### Exercise details:
Transcribe the data exactly, pictures excluded.

### Supplied information:
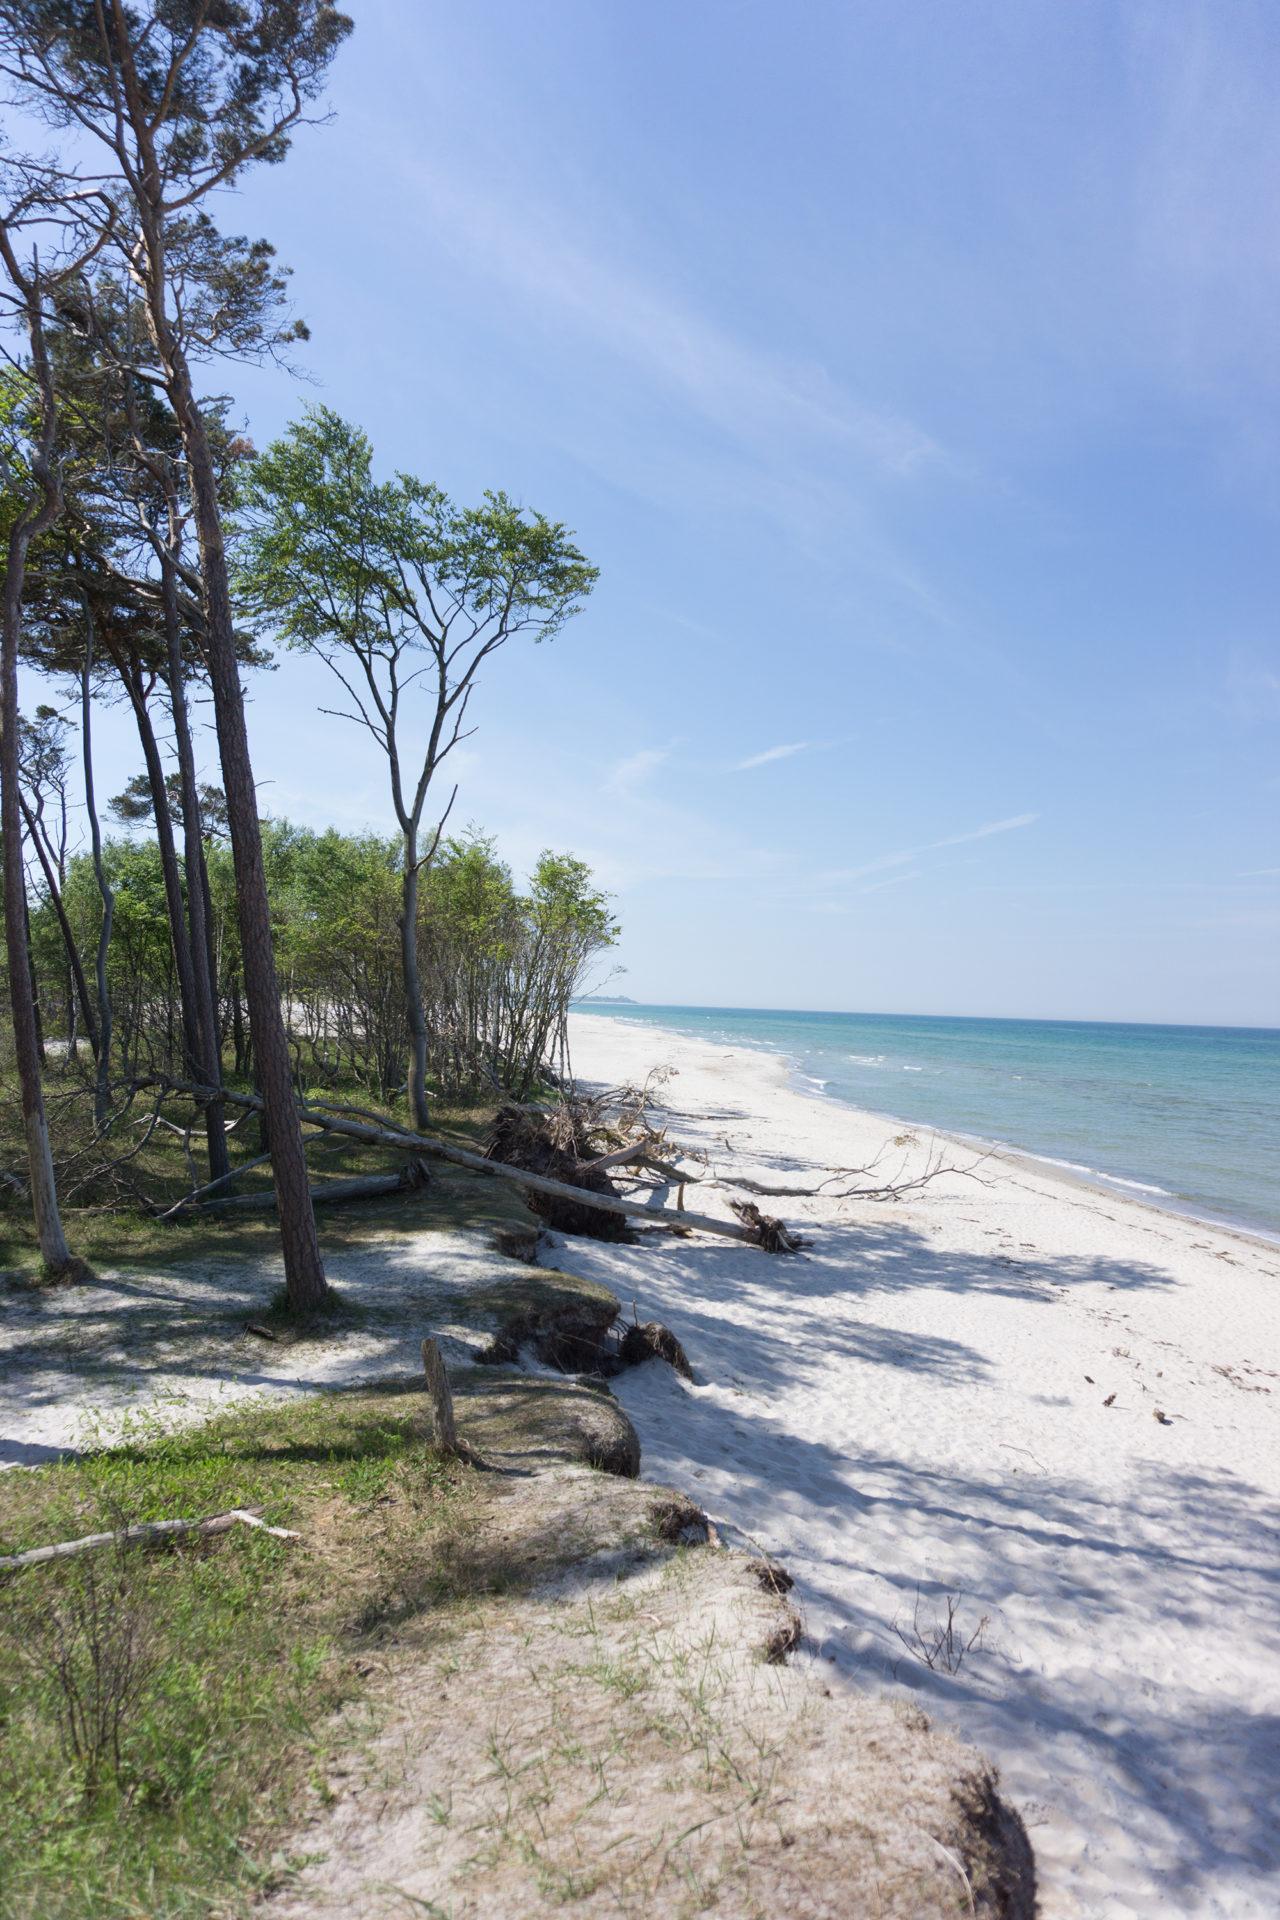 Wälder an der Küste im Klimwandel
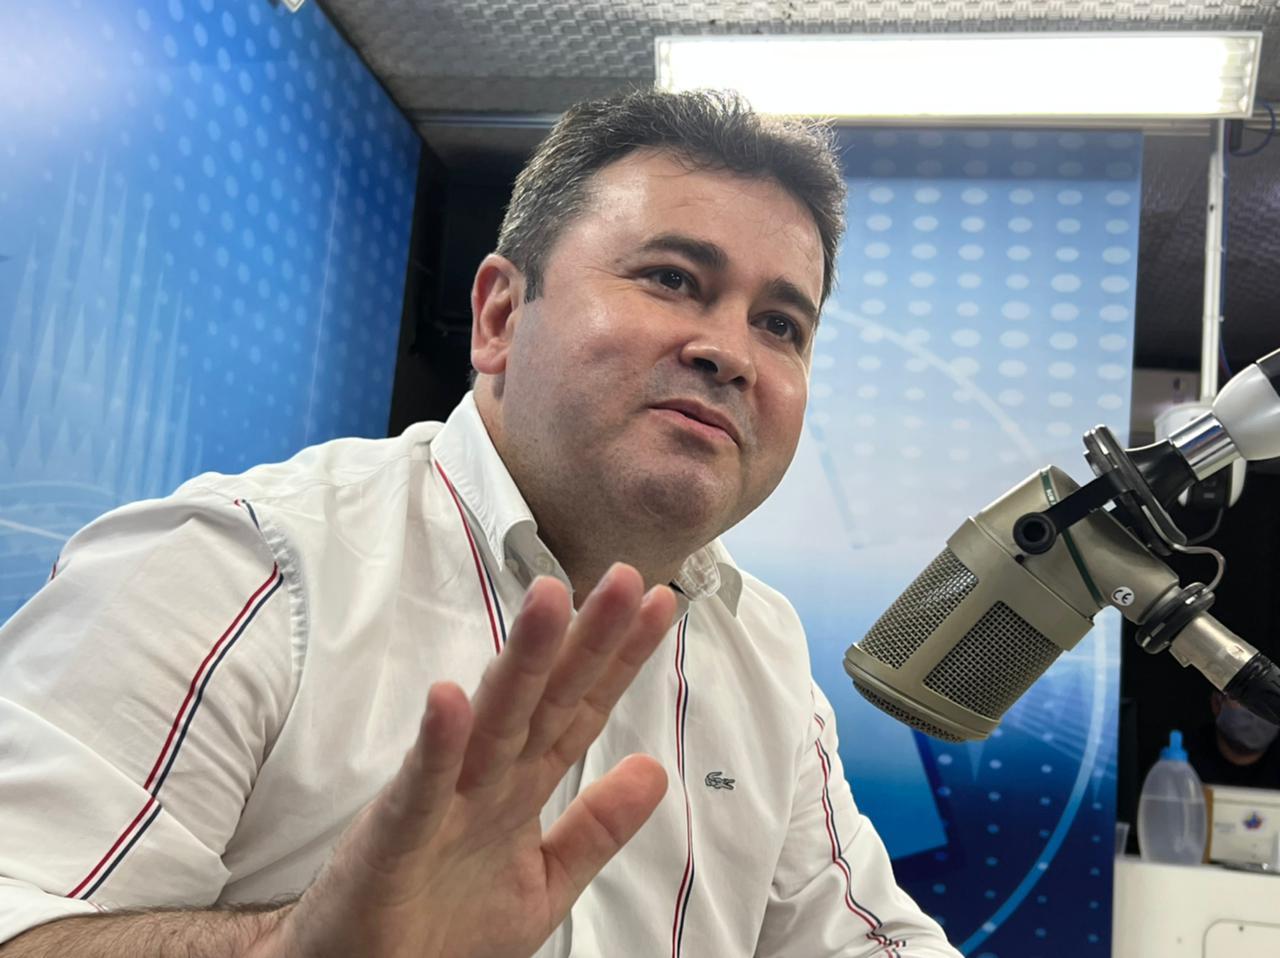 WhatsApp Image 2021 10 01 at 13.09.31 - Aledson Moura, representante da renovação parlamentar paraibana, diz que a ideia do grupo é eleger 6 ou 7 deputados estaduais
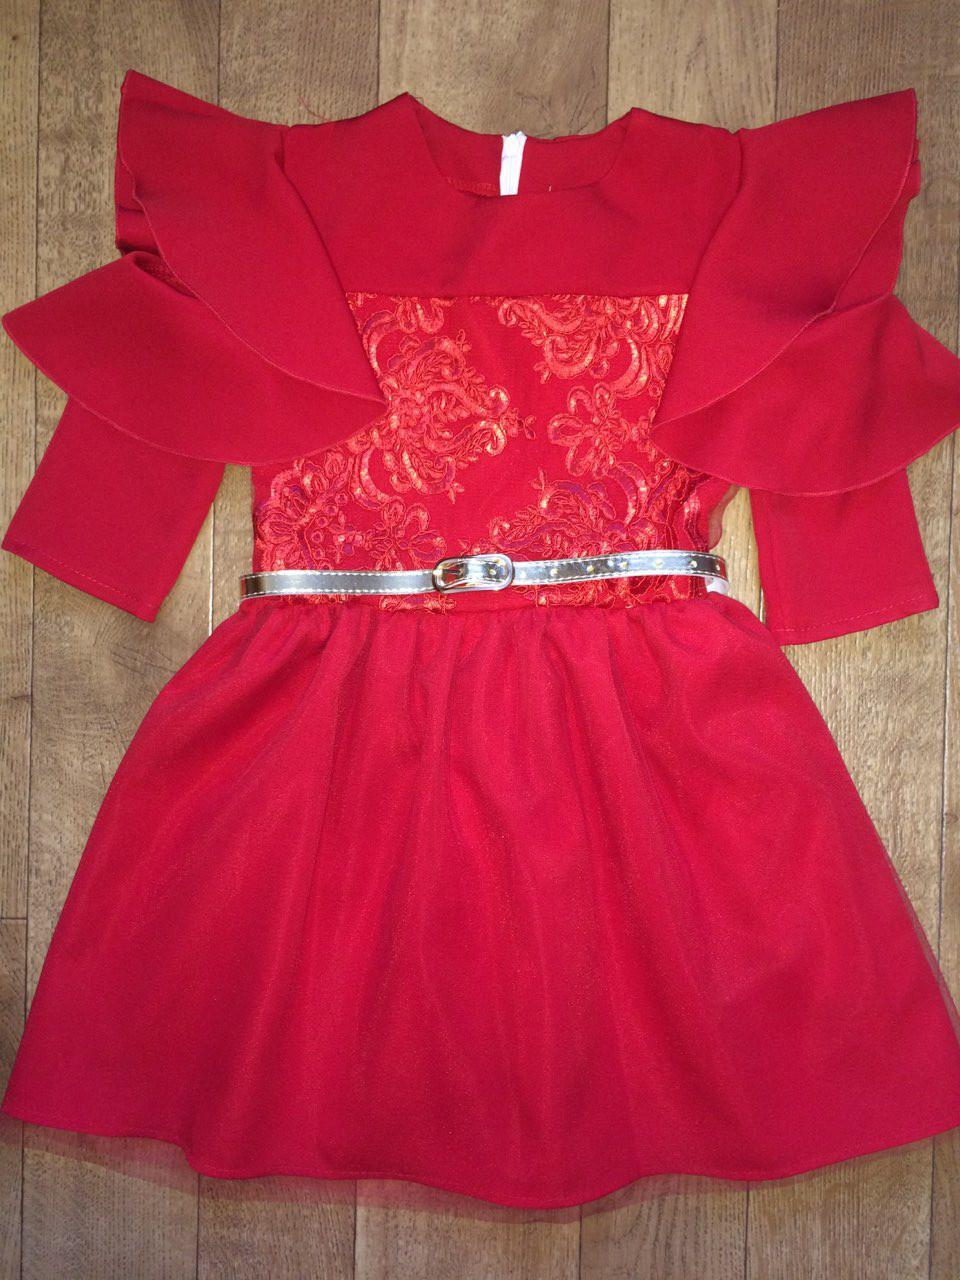 Детские платья от производителя оптом - Оптово-розничный магазин

### Solved exercise:
 Wälder an der Küste im Klimwandel
 WhatsApp Image 2021 10 01 at 13.09.31 - Aledson Moura, representante da renovação parlamentar paraibana, diz que a ideia do grupo é eleger 6 ou 7 deputados estaduais
 Детские платья от производителя оптом - Оптово-розничный магазин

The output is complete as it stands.